Hundreds of stories later, with war in Iraq imminent in the Fall 2002, preparations were underway at CNN for coverage beyond the scope of anything in its past - Gulf War I included. In addition to its many fixed satellite uplinks, flyaways, and mobile trucks deployed throughout the Middle East, CNN was ready with more than 50 satphones and 20 transmission units to accompany reporter teams heading into the field. Of the 20 CNN correspondents "embedded" with the U.S. and British military units, most were outfitted with the equipment needed for LIVE television reporting via satellite phone from extreme locations.

The transmission speed and quality of satphone units had greatly improved by 2002. Instead of using one telephone to transmit at 64K, most units were combining two phones for 128K of capacity. Advances in compression technology had accelerated the rate with which video could be captured, stored and transmitted from the field, and the quality was much better. For LIVE video transmissions as well, the satellite phones were delivering a much higher resolution picture. Instead of the video-conferencing functions on the old the store-and-forward machines, CNN and other news organizations in the field were using videophones for real time-to-air reporting.

Two monumental advancements in the technology were put to the test during the Iraq war. News organizations began outfitting reporters with a software-based digital compression technology called "G-4." Rather than the bulky hardware needed for the videophone or store-and-forward units, the same tasks were accomplished using a software program installed in journalists' laptop computers. Cameras were plugged directly into the laptops where the software handles the digitizing and compression of the video, with cables connecting the laptops to the satellite phones. The video transmission could take place one of two ways: a dial-up call from a satellite phone into the remote receiver, or isdn phone line connection for transmission over the Internet.

The G-4 software served to digitize and transmit reporter pieces at broadcast quality via satellite phone or via the Internet.
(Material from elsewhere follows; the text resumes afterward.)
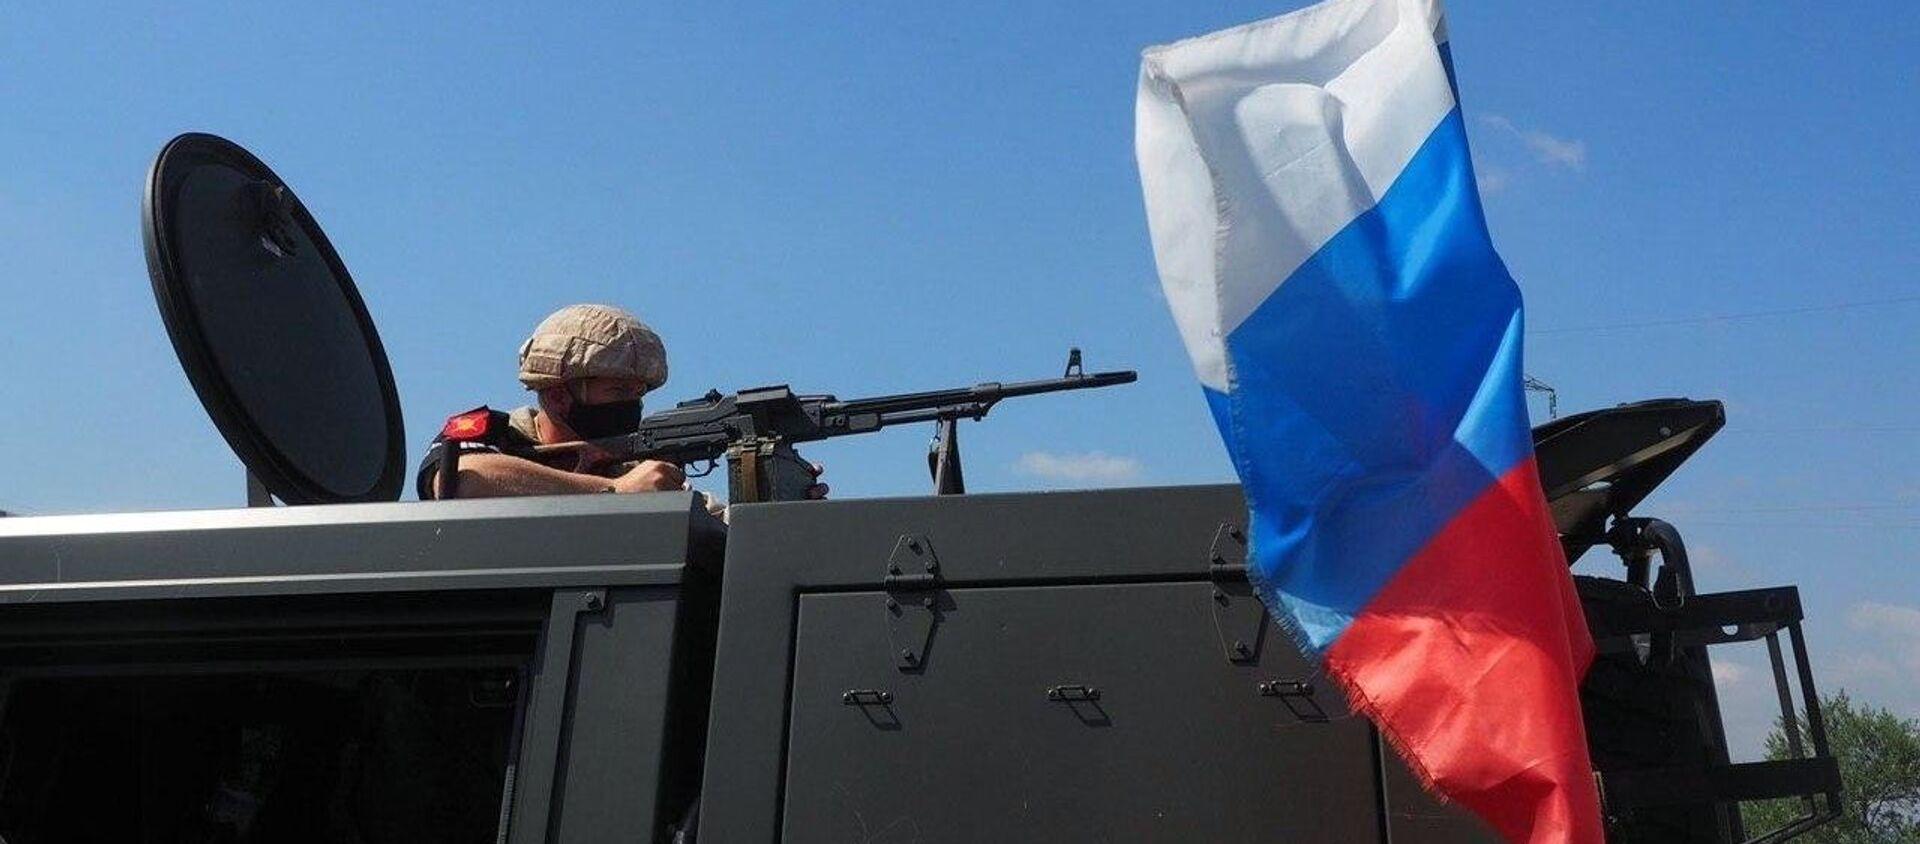 Россия и Турция провели совместное патрулирование в Сирии - Sputnik Абхазия, 1920, 24.03.2021

In Iraq, CNN used these G-4 videophones for both LIVE and packaged reports from military encampments, from aircraft carriers and from other difficult to access locations. Most of the live images were of acceptable quality; many of the compressed and recorded pictures were indistinguishable from full broadband transmission.

According to Arnie Christianson of the CNN Satellites and Circuits desk, the software video codecs CNN has been developing to replace the old videophone technology holds steady at about 7 frames per second (using one satphone) at 64K, and 15 frames per second (using two satphones) at 128K. In covering scenes involving fast moving action, the 64K connections can drop to 2 frames per second, but at 128K the 15 frames stay pretty steady. A normal television picture is scanned at 30 frames per second.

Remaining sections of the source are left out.